Un Sopul was “unable to move or to talk, with flies and ants crawling over her face. She re­portedly had not eaten for two weeks,” according to Licadho.

Say Siphon, Ministry of Social Affairs secretary of state, declined to comment Tuesday and re­ferred questions to the director of social affairs for Phnom Penh Mu­ni­cipality, Chea San, who could not be reached for comment.

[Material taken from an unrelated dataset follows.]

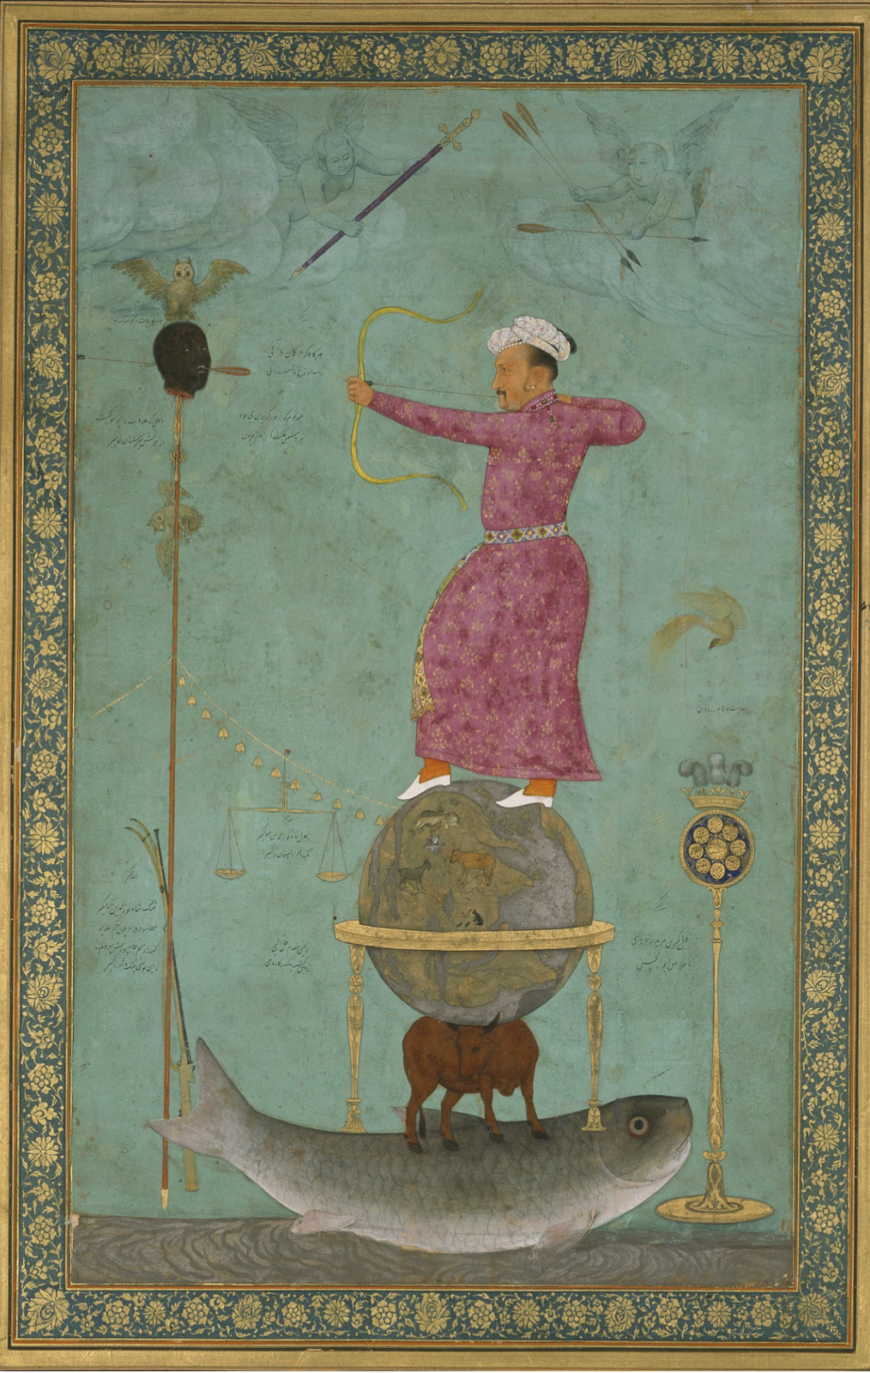 Abuʾl Hasan, Jahangir Shoots Malik Ambar, c. 1620, gouache on paper, 25.8 x 16.5 cm (Chester Beatty Library, Dublin)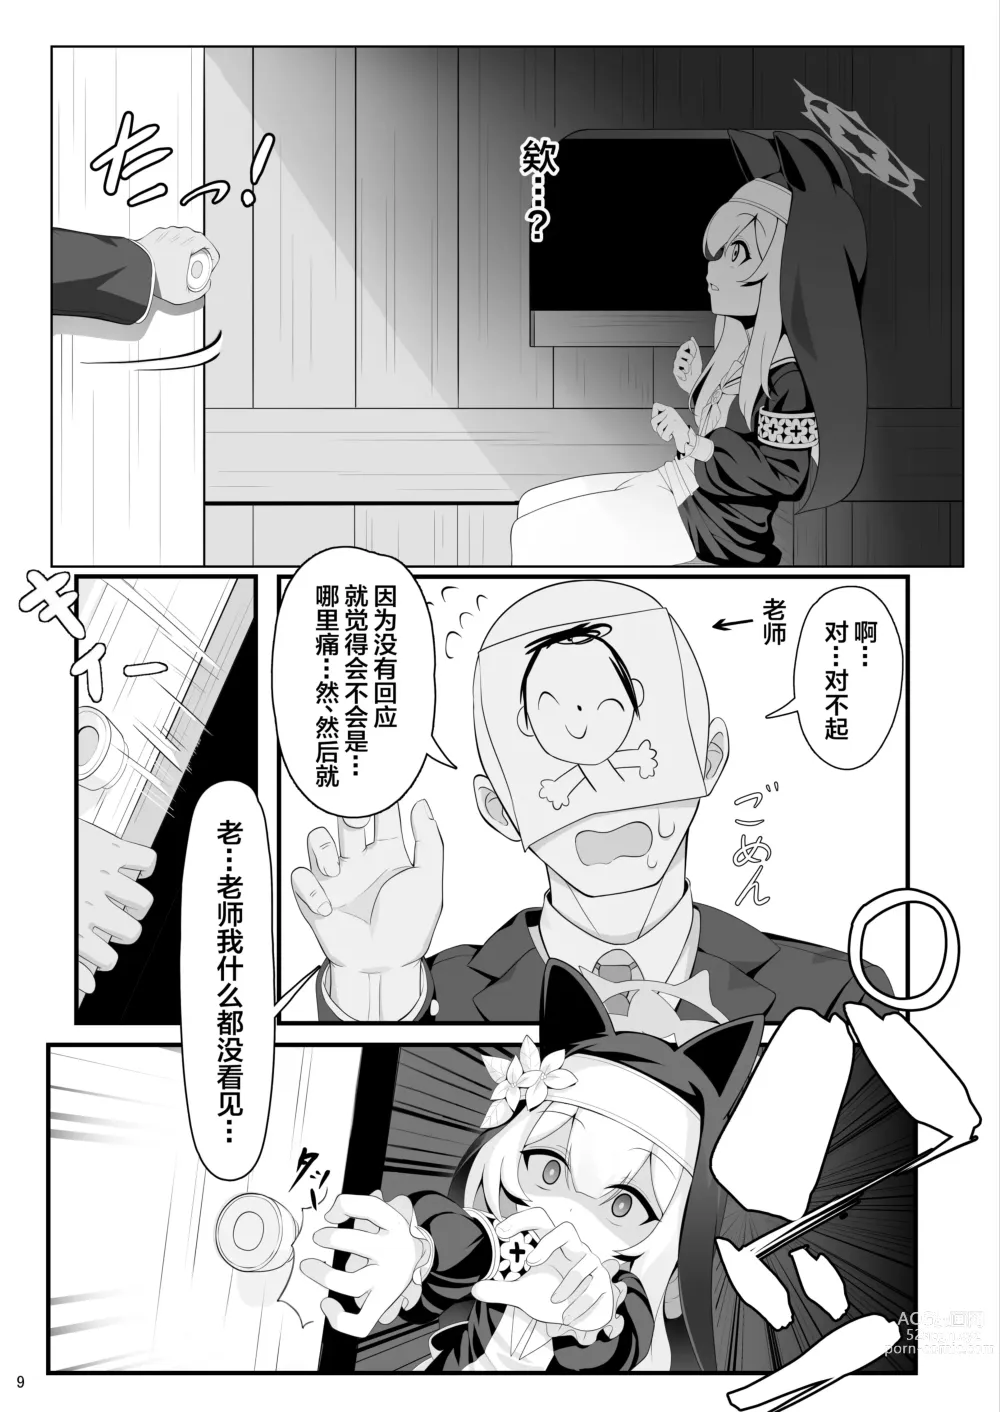 Page 10 of doujinshi Mari no Himitsu

“These two centers have been part of an institutionalized program of arbitrary arrest, unlawful detention and serious abuse…. We urge the government to ensure the permanent closure of both centers and any other center, and also to ensure an immediate halt to the routine round-ups of sex workers, beggars and homeless people from the streets,” Licadho Director Naly Pilorge wrote by

e-mail Tuesday evening.

“So far, we have not received any formal response from the government to these concerns,” Pi­lorge said, though she added that she had become aware Tuesday that Koh Ko center had been closed. Re­ports of Koh Ko center being closed could not be confirmed Tuesday.

Bith Kimhong, director of the Interior Ministry’s anti-human trafficking department, said Tuesday that closing the centers was beyond his jurisdiction.

Bith Kimhong said he had reviewed Licadho’s letter and found some claims to be “unreasonable.” He declined to elaborate.

“Related to their recommendation for the immediate closure of the Social Affairs centers, it is above my power,” he said by telephone.